On a Roamio, as I understand it, the software partitions are apparently kept in flash, while the hard drive is all MFS. This is why you can swap out the drive and have the TiVo format the new one, since it doesn't lose its software. But, I've seen very little info on hacking Roamios, so don't quote me on this.

* In fact, IIRC, there are two read-only software partitions -- one active, and one (containing the last software version) in reserve -- one read/write /var partition, and a swap partition. But these are all just a small portion of the drive, compared to the several MFS partitions.


----------



## davezatz (Apr 18, 2002)

Thanks for the intel! Given no documented path or certainty, think I'll leave my drive in place even tho I can envision a scenario where OS lives on flash but certain resources like app icons, discovery bar graphics, etc live on a spinning platter partition separate from recordings and such.


----------



## jmbach (Jan 1, 2009)

I think what you envision is more correct on the Roamio. To really find out for sure I would ask. ggieseke. He has dove deep down that rabbit hole to develop his MFSR utility and probably can help answer your question.


----------



## ggieseke (May 30, 2008)

I haven't really delved into 20.5.x yet, but the general trend over the last few years has been to put most (if not all) of the UI files on the MFS partitions.

I don't really know what's buried in the flash on a Roamio, but I don't think it's very much of the UI. All of the software lives there for sure, and it will take a blank MFS filesystem the rest of the way during Guided Setup WITH an internet connection. I can only assume that it downloads the rest because it's the typical "no way out of GS" scenario unless it can call home.

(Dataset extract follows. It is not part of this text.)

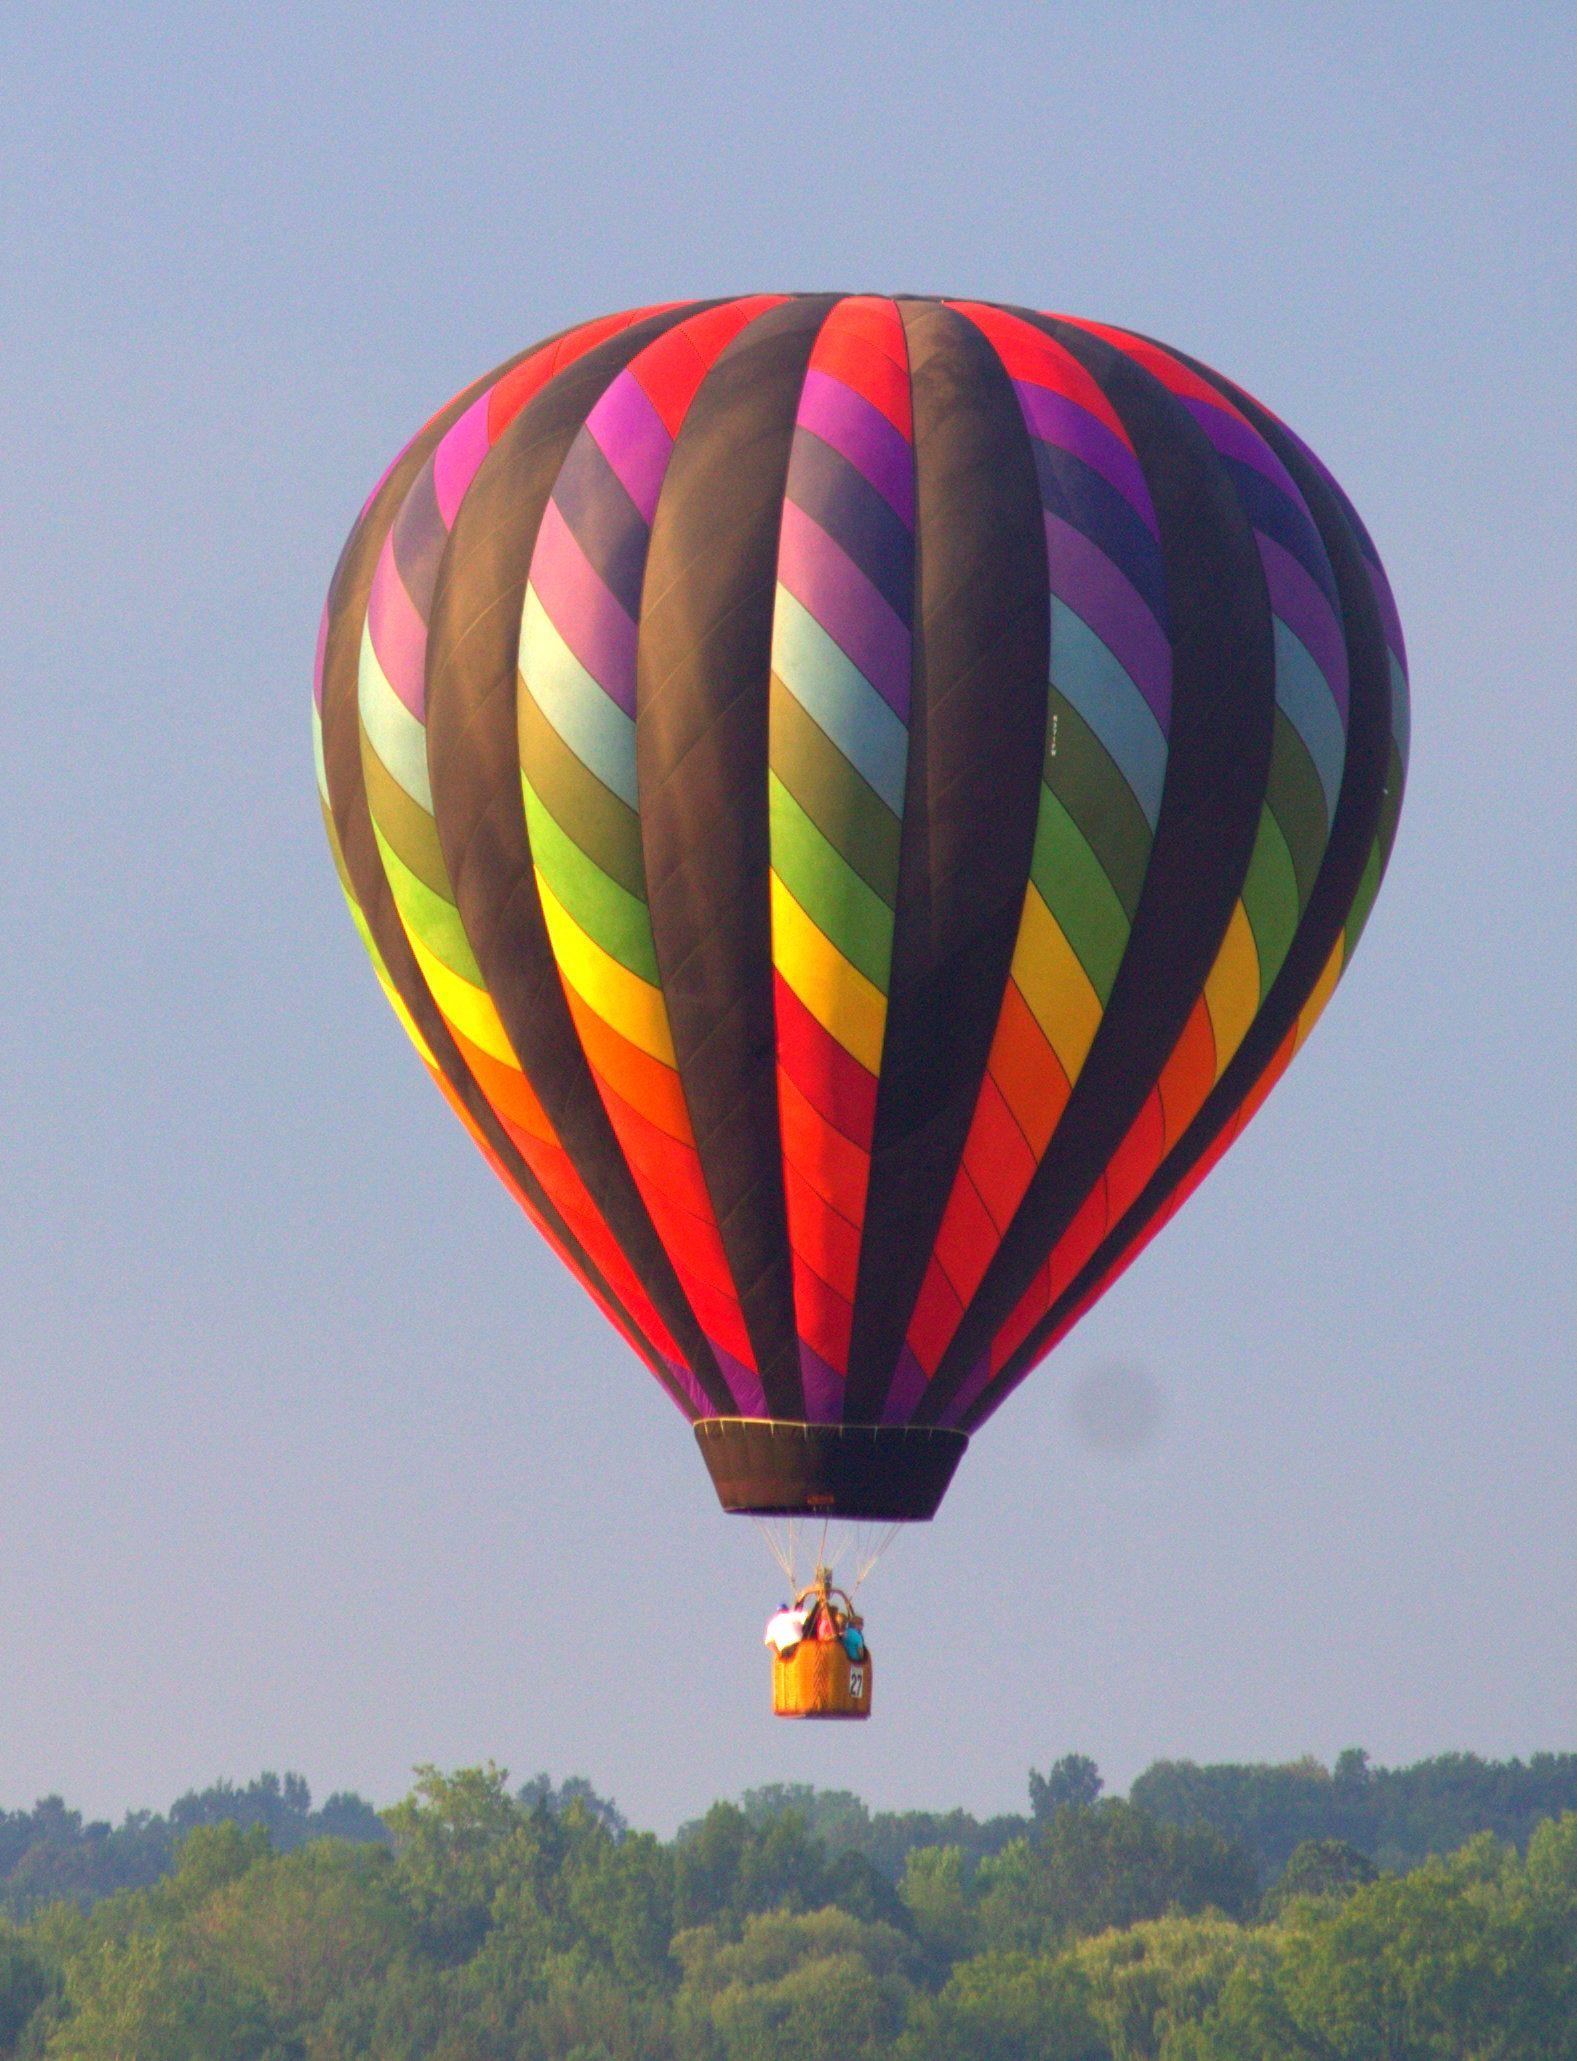 Dansville NY Hot Air Balloons show 2013 Hot air, Hot air

I have some old subroutines that I wrote for DvrBARS that extracted the entire MFS filesystem, but they haven't been updated for Roamios and I'm not going to bother for a possible Bolt icon that might be 60x30 pixels. The only place that I have ever seen any pictures is in subtle differences between the icon for a Premiere or a Roamio at the bottom of the NPL.

We'll know when we know and I don't expect any shocking revelations from the 20.5.2a UI files (icons don't say much). I haven't chimed into the 'what would it take' thread, but for me a Bolt would have to take out the trash, cook dinner, & rub my feet to make me dump my current Pro/basic setup. 6 cable tuners with the factory 3TB Pro drive for Comcast and 4 OTA tuners with a 4TB Red upgrade is my sweet spot.


----------



## jmbach (Jan 1, 2009)

I would imagine that the bolt icon would be on the Premiere as well. However with since the OS seems to be slowly evolving, your subroutines may not work on the newer OS. Reasoning behind this is that DvrBARS does not make a nice small truncated backup from a normal image anymore.


----------



## ggieseke (May 30, 2008)

jmbach said:


> I would imagine that the bolt icon would be on the Premiere as well. However with since the OS seems to be slowly evolving, your subroutines may not work on the newer OS. Reasoning behind this is that DvrBARS does not make a nice small truncated backup from a normal image anymore.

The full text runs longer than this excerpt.